Yesterday we had two related incidents that affected the availability of Clerk.io.
This means that stores running on Clerk.io had 2 very different experiences. The vast majority only experienced slowdowns on/off between 16:25 and 19:10 and for the vast majority of this time, everything was operating normally.
The stores located on Storage Zone 3 experienced a total outage from 17:20 - 21:20.
Below follows a detailed description of what happened and what we learned.
Around 16:00 we started to receive a series of heavy queries. By heavy queries, we mean queries that need to compare a lot of internal metrics and thus takes up a lot of internal resources. This is completely normal and our operations team monitors these daily.
But at 16:25 we saw a sharp increase in volume and thus all API servers went instantly to 100% CPU usage. This is what caused the initial slowdown.
Our operations team then started narrowing down to the source of these requests. But while focused on this issue another issue grew and was overlooked: the RAM usage of the server running Storage Zone 3 grew drastically. At 17:20 it ran our of RAM and crashed.
In our architecture individual stores are placed in individual zones exactly for this case. If something happens to something in a single zone we can isolate that and keep the rest f Clerk.io running smoothly.
And that was exactly what we did. As soon as zone 3 crashed we knew the source of the problem was there. We immediately follow our playbook for this scenario closing that zone down bringing all other zones back to normal operation with normal response times.
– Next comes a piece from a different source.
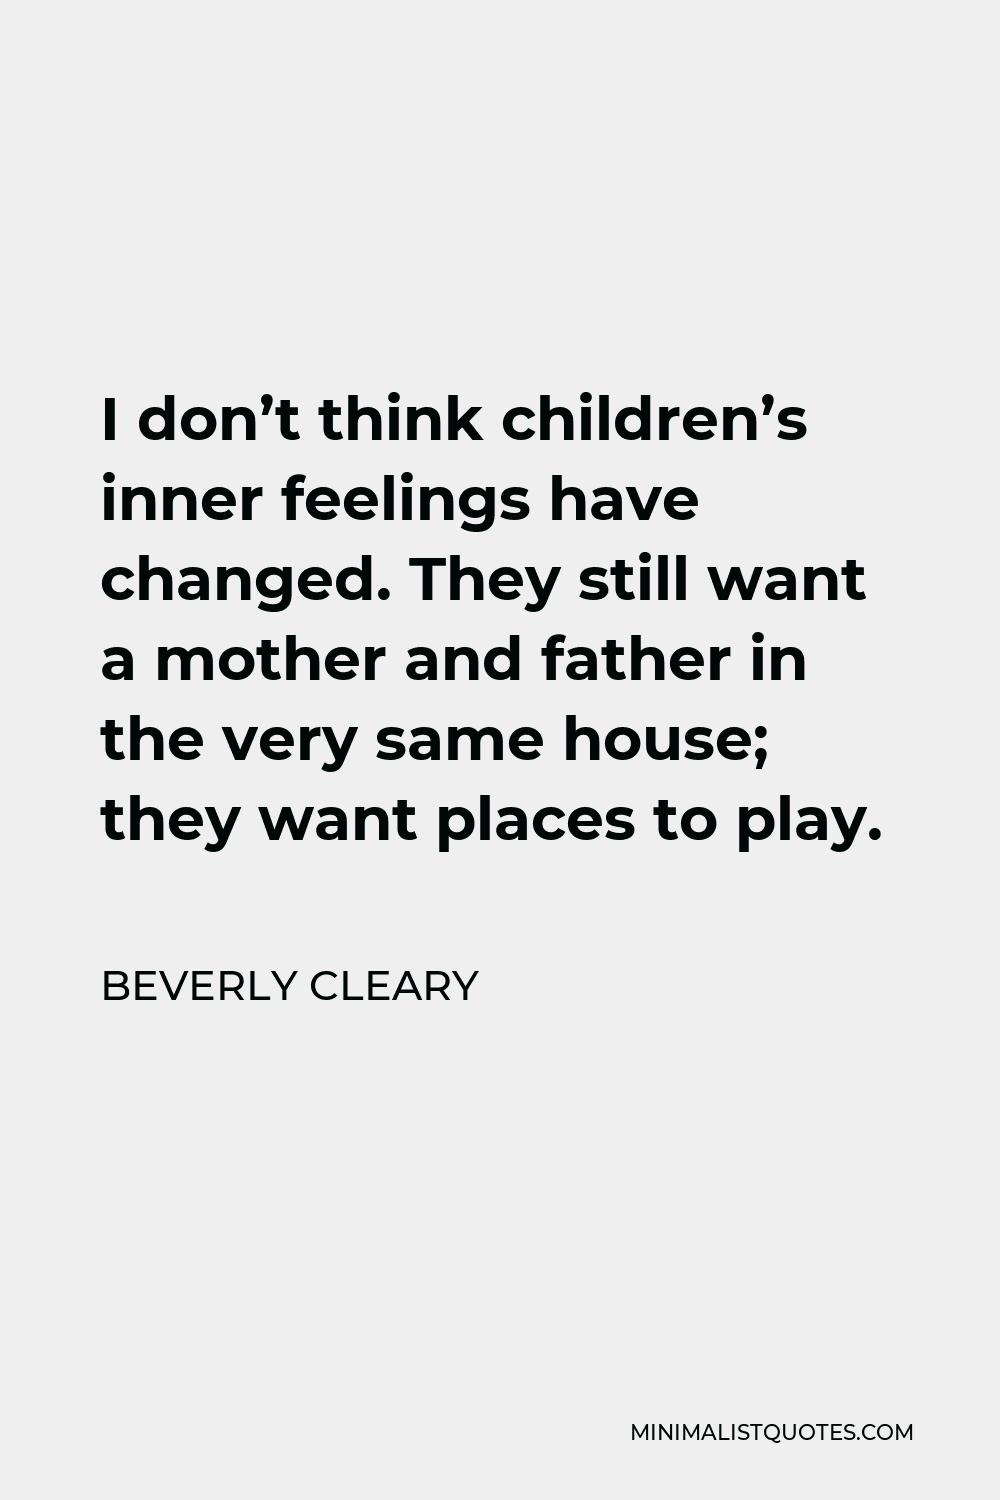 Beverly Cleary Quote - I don’t think children’s inner feelings have changed. They still want a mother and father in the very same house; they want places to play.

So at 17:30, we had zone 3 down but all other zones running smoothly again.
Now when a database crashed like this you will get data corruption. We are prepared for this scenario and immediately run our automated software for detecting and fixing any issues. This took around 1.5 hours to complete so around 18:50 we were ready to open up for zone 3 again.
Unfortunately, there were still some tables that even though seemed fine to the automated tools did not work properly when coming back in production causing yet another slowdown in response times.
We quickly took zone 3 our again restoring normal operations for all other zoned. Now we started 2 concurrent plans: we would simultaneously run the software check and repair software again and manually check all tables and we would spin up a completely new server restoring zone 3 from our backup. Whatever would be completed first would be launched.
Due to the data size in the zone, it again took 1.5 hours to complete. The data check and repair were completed first and we ran a full manual check on all tables and fixing the 2-3 errors we found.
While waiting we had built a small feature allowing our operations team to take a single store out of the system instead of a full zone. This meant that the second time we could open up for stores in small batches and ongoingly checking if everything was running smoothly.
We started opening up at 21:00 and had opened up for 90% of all stores in zone 3 by 21:15. When opening up the remaining 10% we starter seeing the same issues again and quickly closed the last batch again. We know the root cause was in that last set of stores.
Through slowly examining those stores we had all but one up and running by 21:20.
The remaining single store was moved to an isolated environment and was fully operational at 22:30.